Problem details
Locate the line that contains "and courage live". Reproduce it and all following lines up to the end of the material, exactly and with nothing added.

Recorded data
====

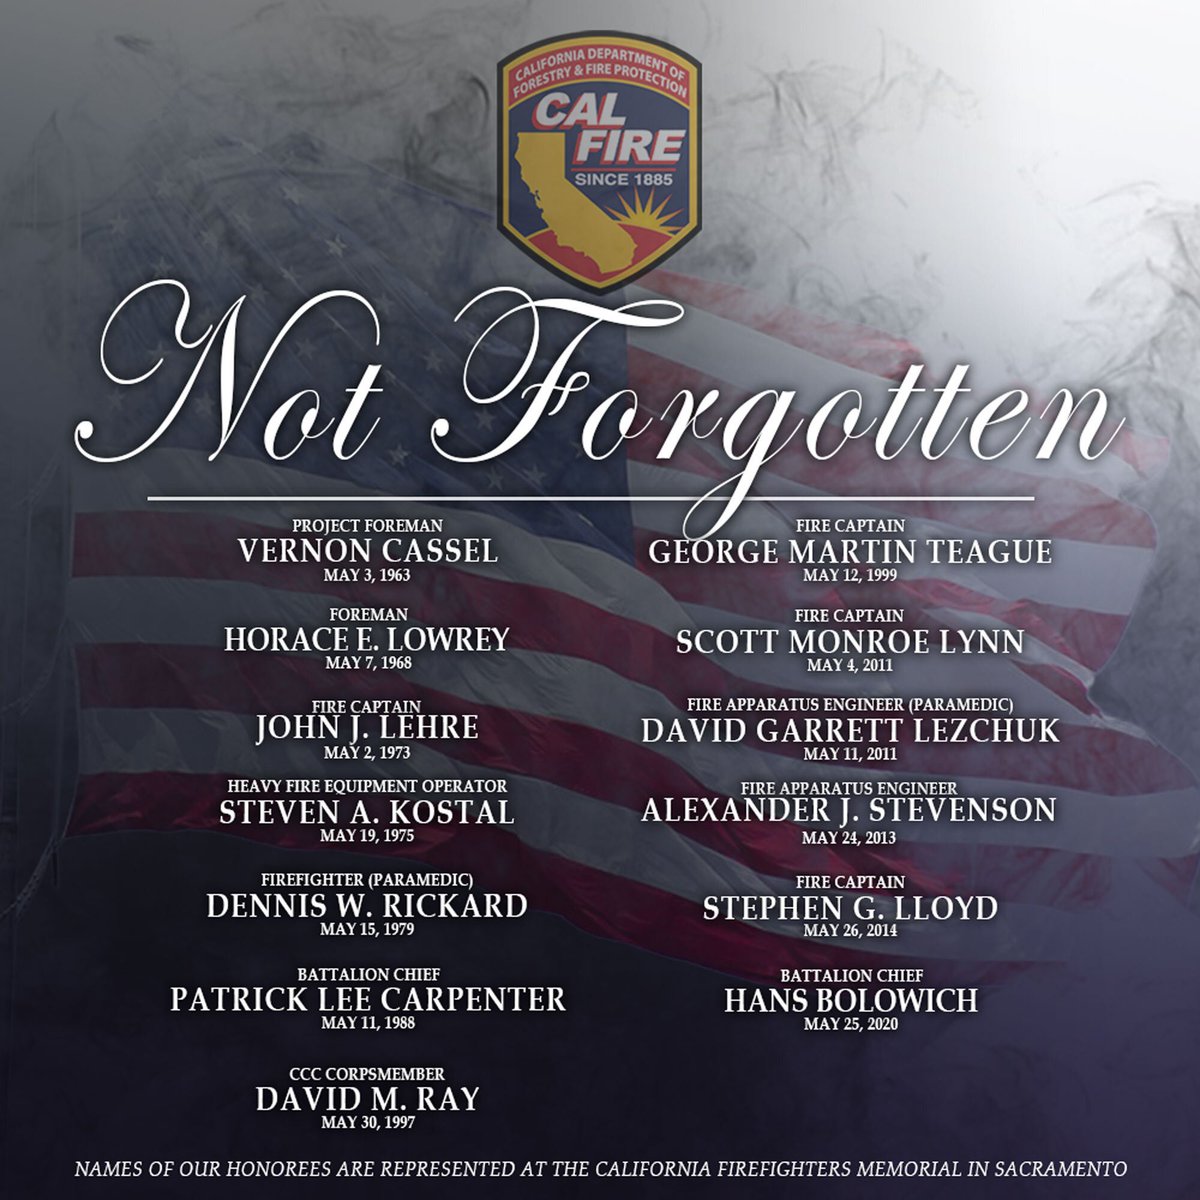 Today, we remember 13 cherished department members lost in the month of May. Their dedication
and courage live on, shaping our firefighting community's spirit and safeguarding our neighborhoods. Their legacy lives on. 
#LODD #NotForgotten #FirefightingHeroes

====

Expected answer
and courage live on, shaping our firefighting community's spirit and safeguarding our neighborhoods. Their legacy lives on. 
#LODD #NotForgotten #FirefightingHeroes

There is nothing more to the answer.